RE: [char-misc-next] mei: use kvmalloc for read buffer

From: Usyskin, Alexander
Date: Mon Oct 14 2024 - 10:44:00 EST



> -----Original Message-----
> From: Greg Kroah-Hartman <gregkh@xxxxxxxxxxxxxxxxxxx>
> Sent: Monday, October 14, 2024 4:25 PM
> To: Usyskin, Alexander <alexander.usyskin@xxxxxxxxx>
> Cc: Weil, Oren jer <oren.jer.weil@xxxxxxxxx>; Tomas Winkler
> <tomasw@xxxxxxxxx>; linux-kernel@xxxxxxxxxxxxxxx
> Subject: Re: [char-misc-next] mei: use kvmalloc for read buffer
>
> On Mon, Oct 14, 2024 at 01:15:49PM +0000, Usyskin, Alexander wrote:
> > > -----Original Message-----
> > > From: Greg Kroah-Hartman <gregkh@xxxxxxxxxxxxxxxxxxx>
> > > Sent: Sunday, October 13, 2024 6:08 PM
> > > To: Usyskin, Alexander <alexander.usyskin@xxxxxxxxx>
> > > Cc: Weil, Oren jer <oren.jer.weil@xxxxxxxxx>; Tomas Winkler
> > > <tomasw@xxxxxxxxx>; linux-kernel@xxxxxxxxxxxxxxx
> > > Subject: Re: [char-misc-next] mei: use kvmalloc for read buffer
> > >
> > > On Sun, Oct 13, 2024 at 02:22:27PM +0000, Usyskin, Alexander wrote:
> > > > > -----Original Message-----
> > > > > From: Greg Kroah-Hartman <gregkh@xxxxxxxxxxxxxxxxxxx>
> > > > > Sent: Sunday, October 13, 2024 3:14 PM
> > > > > To: Usyskin, Alexander <alexander.usyskin@xxxxxxxxx>
> > > > > Cc: Weil, Oren jer <oren.jer.weil@xxxxxxxxx>; Tomas Winkler
> > > > > <tomasw@xxxxxxxxx>; linux-kernel@xxxxxxxxxxxxxxx
> > > > > Subject: Re: [char-misc-next] mei: use kvmalloc for read buffer
> > > > >
> > > > > On Sun, Oct 13, 2024 at 02:53:14PM +0300, Alexander Usyskin wrote:
> > > > > > Read buffer is allocated according to max message size,
> > > > > > reported by the firmware and may reach 64K in systems
> > > > > > with pxp client.
> > > > > > Contiguous 64k allocation may fail under memory pressure.
> > > > > > Read buffer is used as in-driver message storage and
> > > > > > not required to be contiguous.
> > > > > > Use kvmalloc to allow kernel to allocate non-contiguous
> > > > > > memory in this case.
> > > > > >
> > > > > > Signed-off-by: Alexander Usyskin <alexander.usyskin@xxxxxxxxx>
> > > > > > ---
> > > > > > drivers/misc/mei/client.c | 4 ++--
> > > > > > 1 file changed, 2 insertions(+), 2 deletions(-)
> > > > >
> > > > > What about this thread:
> > > > > https://lore.kernel.org/all/20240813084542.2921300-1-
> > > > > rohiagar@xxxxxxxxxxxx/
> >
> > [1] https://lore.kernel.org/all/20240813084542.2921300-1-
> rohiagar@xxxxxxxxxxxx/
>
> Yes, it's a problem, I don't understand.
>
> > > > >
> > > > > No attribution for the reporter?
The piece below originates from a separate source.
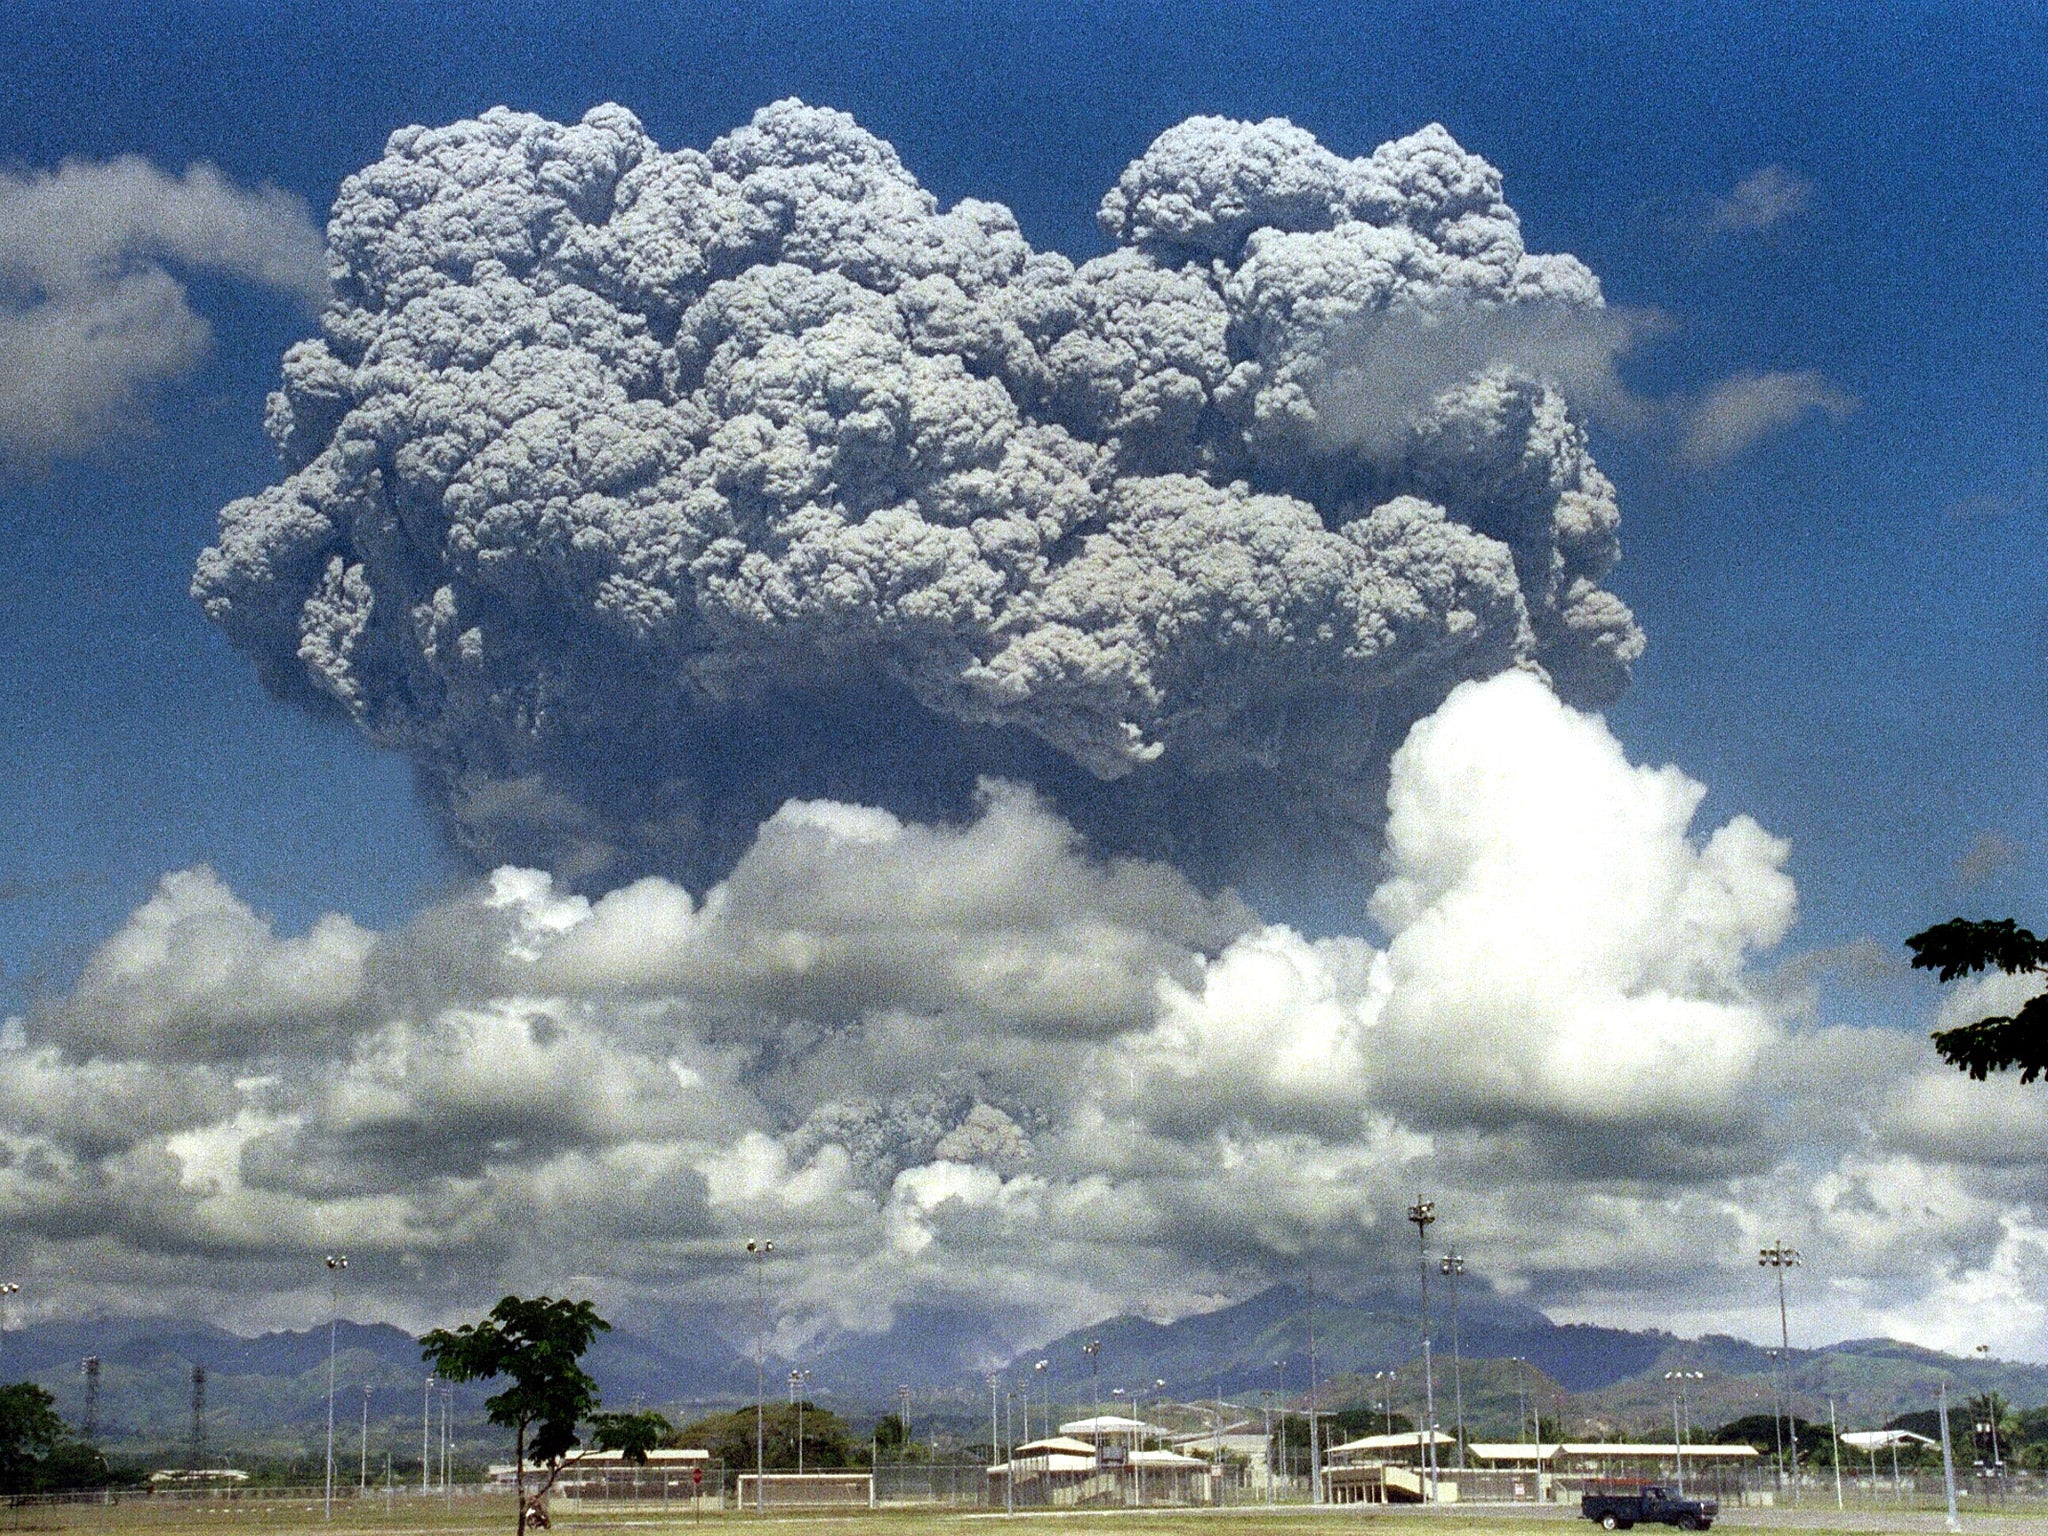 A giant cloud of volcanic debris rises some 20km above Mount Pinatubo in the Philippines in June 1991

Does it solve their problem?
> > > > >
> > > > This patch is a result from non-public bug report on ChromeOS.
> > >
> > > Then make that bug report public as it was discussed in public already :)
> > >
> > Unfortunately, it is not my call.
> > For now, I'll anchor this on [1]
> >
> > > > > Also, where is this memory pressure coming from, what is the root
> cause
> > > > > and what commit does this fix? Stable backports needed? Anything
> else?
> > > > >
> > > > The ChromeOS is extremely short on memory by design and can trigger
> > > > this situation very easily.
> > >
> > > So normal allocations are failing? That feels wrong, what caused this?
> >
> > 64K is order 4 allocation and may fail according to [1].
>
> And what changed to cause this to suddenly be 64k? And why can't we
> allocate 64k at this point in time now?
>
> > > > I do not think that this patch fixes any commit - the problematic code
> exists
> > > > from the earliest versions of this driver.
> > > > As this problem reproduced only on ChromeOS I believe that no need
> > > > in wide backport, the ChromeOS can cherry-pick the patch.
> > > > From your experience, is this the right strategy?
> > >
> > > No.
> >
> > Sure, I'll use
> > Fixes: 3030dc056459 ("mei: add wrapper for queuing control commands.")
> > where the first time such buffer allocated and add stable here in v2.
>
> So the problem has been there for years? Why is it just now showing up?
>

I suppose it is the combination of some fairly new FW that requests 64K buffer
for content-protection case, underpowered ChromeBook and ChromeOS running
content-protection flow.
All three conditions should be met to trigger this failure.

> thanks,
>
> greg k-h

- -
Thanks,
Sasha